The first thing you notice about Qinghai province is that it’s rather desolate — more Utah than Alaska, and the first thing you notice about Rebkong is that it’s a dusty town far away from even the provincial capital.  A world away from the center of Qinghai, itself a world away from Beijing.

I visited Rebkong in April earlier this year with an American friend based at the time in Shanghai, along with Xining (Qinghai’s capital) and other spots in Qinghai province, which lies in the northwest of the People’s Republic of China.  Just a couple of hours away from Beijing by air, Qinghai is indeed a world away, lying as it does on the far east of the Tibetan plateau.  With just 5.6 million people, the province contains just a handful of China’s trillion-plus population — the only province with fewer people is Tibet proper, with around 3 million.
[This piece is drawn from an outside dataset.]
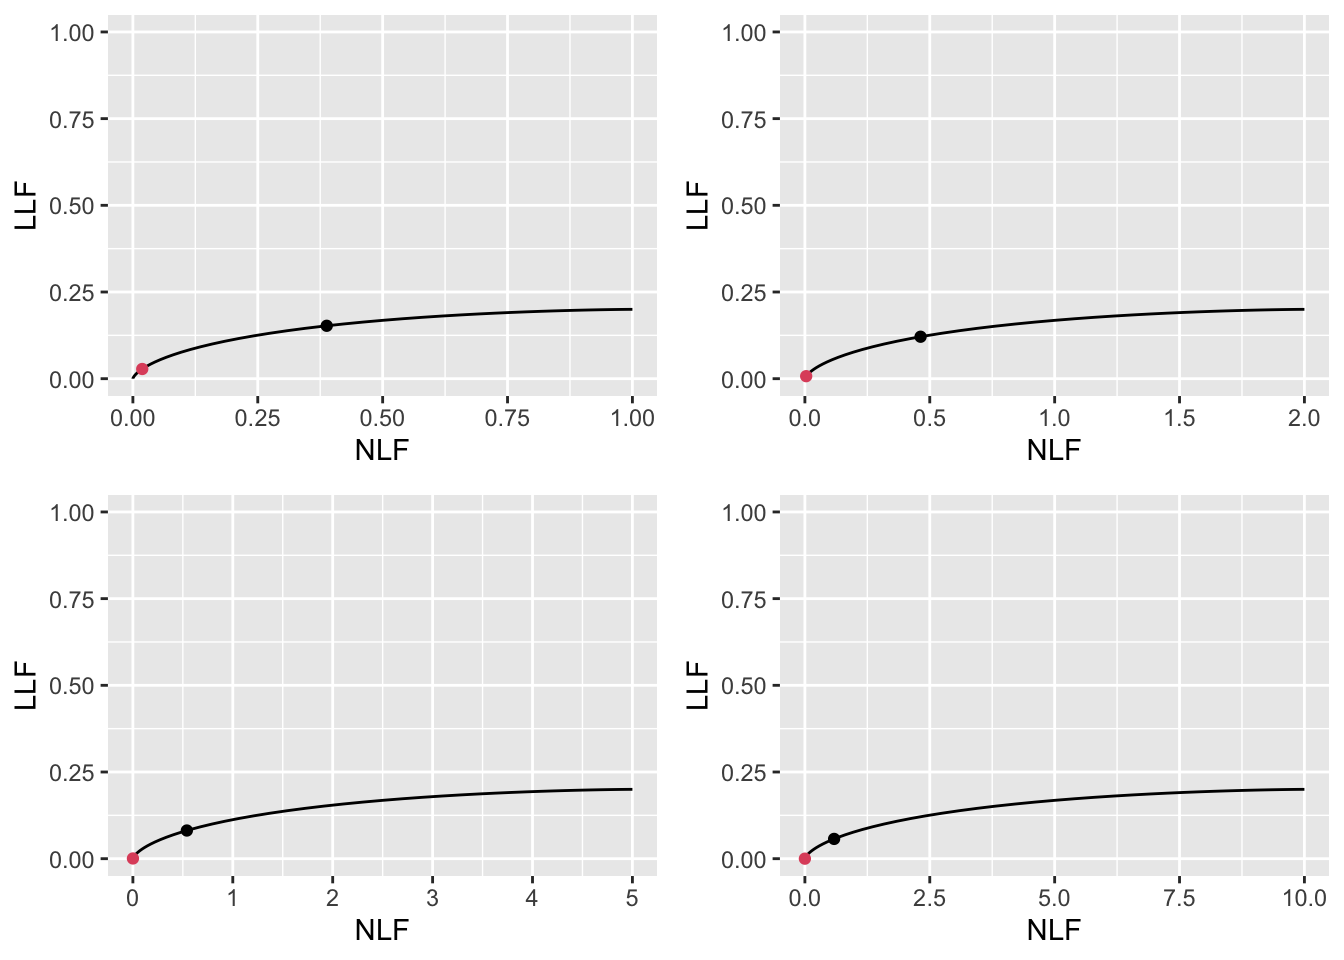 Low performance varying $\lambda$ FROC plots with superimposed operating points. The red dot corresponds to $\text{wAFROC}_\text{AUC}$ optimization and the black dot to Youden-index optimization. The values of $\lambda$ are: top-left $\lambda = 1$, top-right $\lambda = 2$, bottom-left $\lambda = 5$ and bottom-right $\lambda = 10$.

We went to Qinghai, frankly, because getting PRC approval for the permits and guides to visit Tibet province has become such an incredible hassle since the 2008 Tibetan protests.  A kind of ‘Tibet without Tibet.’ But that was probably too twee a slogan, because Qinghai — known historically to Tibetans as Amdo — is as much Tibetan as what lies within the PRC boundaries of the Tibetan ‘autonomous region.’
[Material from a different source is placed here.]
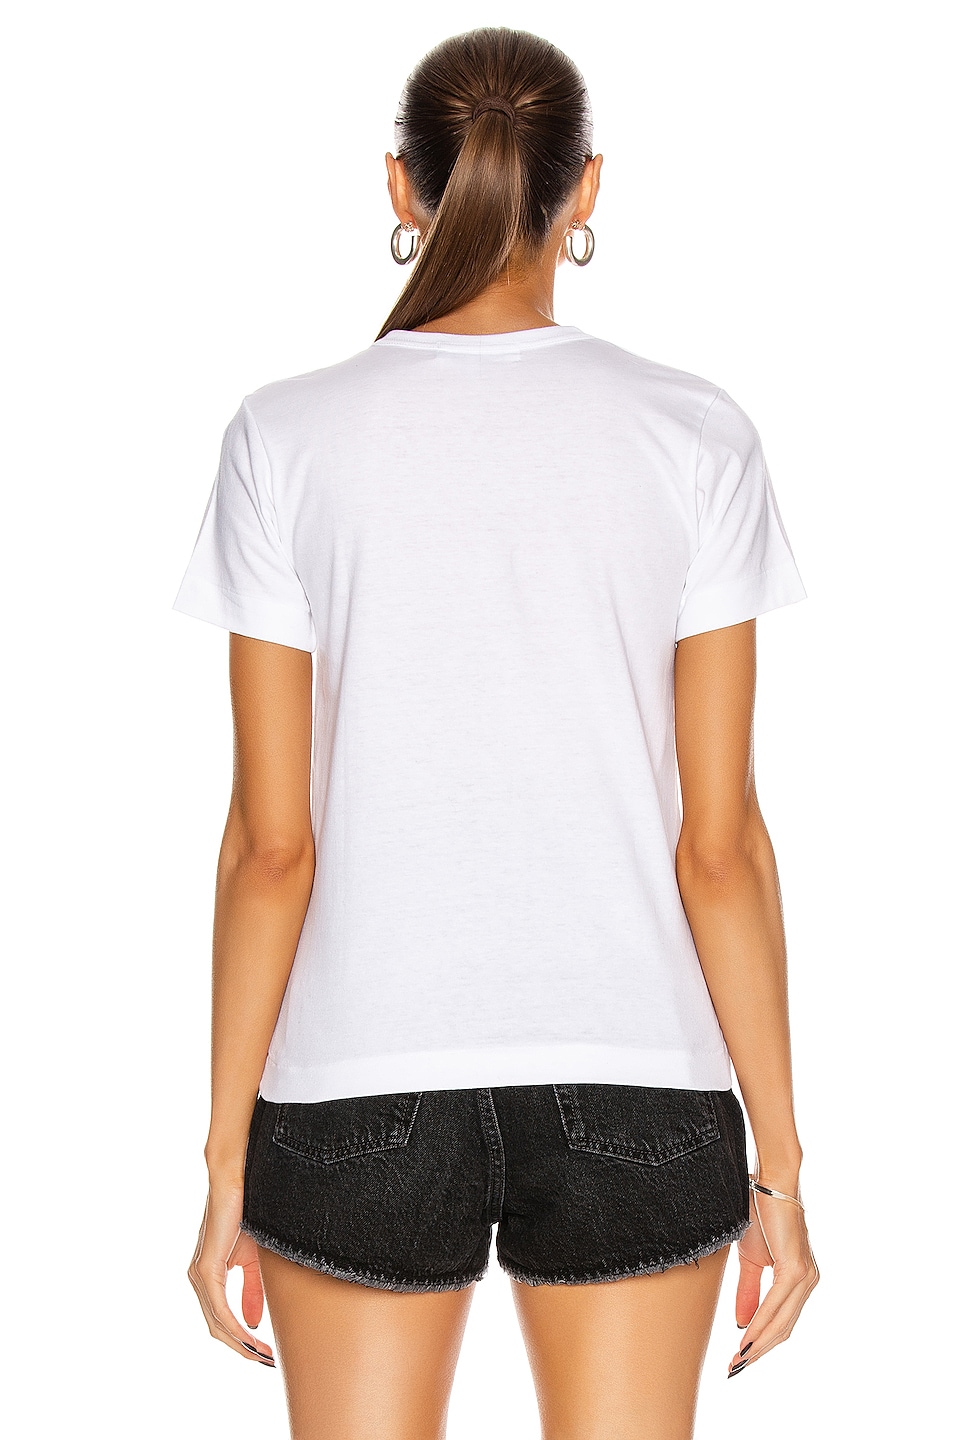 COMME des GARCONS PLAY Jersey Black Print Tee in White | FWRD

The region (Amdo or Qinghai, as you like) has been under Chinese control since it was secured by the Qing dynasty in 1724.  It’s home to several important Tibetan Buddhist monasteries, including Kumbum monastery (སྐུ་འབུམ་བྱམས་པ་གླིང།, or ‘Ta’er si’ in Mandarin Chinese, 塔尔寺), founded in 1577 on the site of the birthplace of Tsongkhapa, an important figure in the development of Buddhism and the founder of the Gelug (‘yellow-hat’) school of Buddhism — its importance to Tibetan buddhism is second only to Lhasa, Tibet’s capital.  Indeed, what we know as ‘Tibet’ today is really just the western part of the historic Tibetan empire, which included not just Amdo, but Kham, which is now the western part of Sichuan province in the PRC. So we were delighted to see a corner of greater Tibet not already fawned over by Richard Gere and so many others.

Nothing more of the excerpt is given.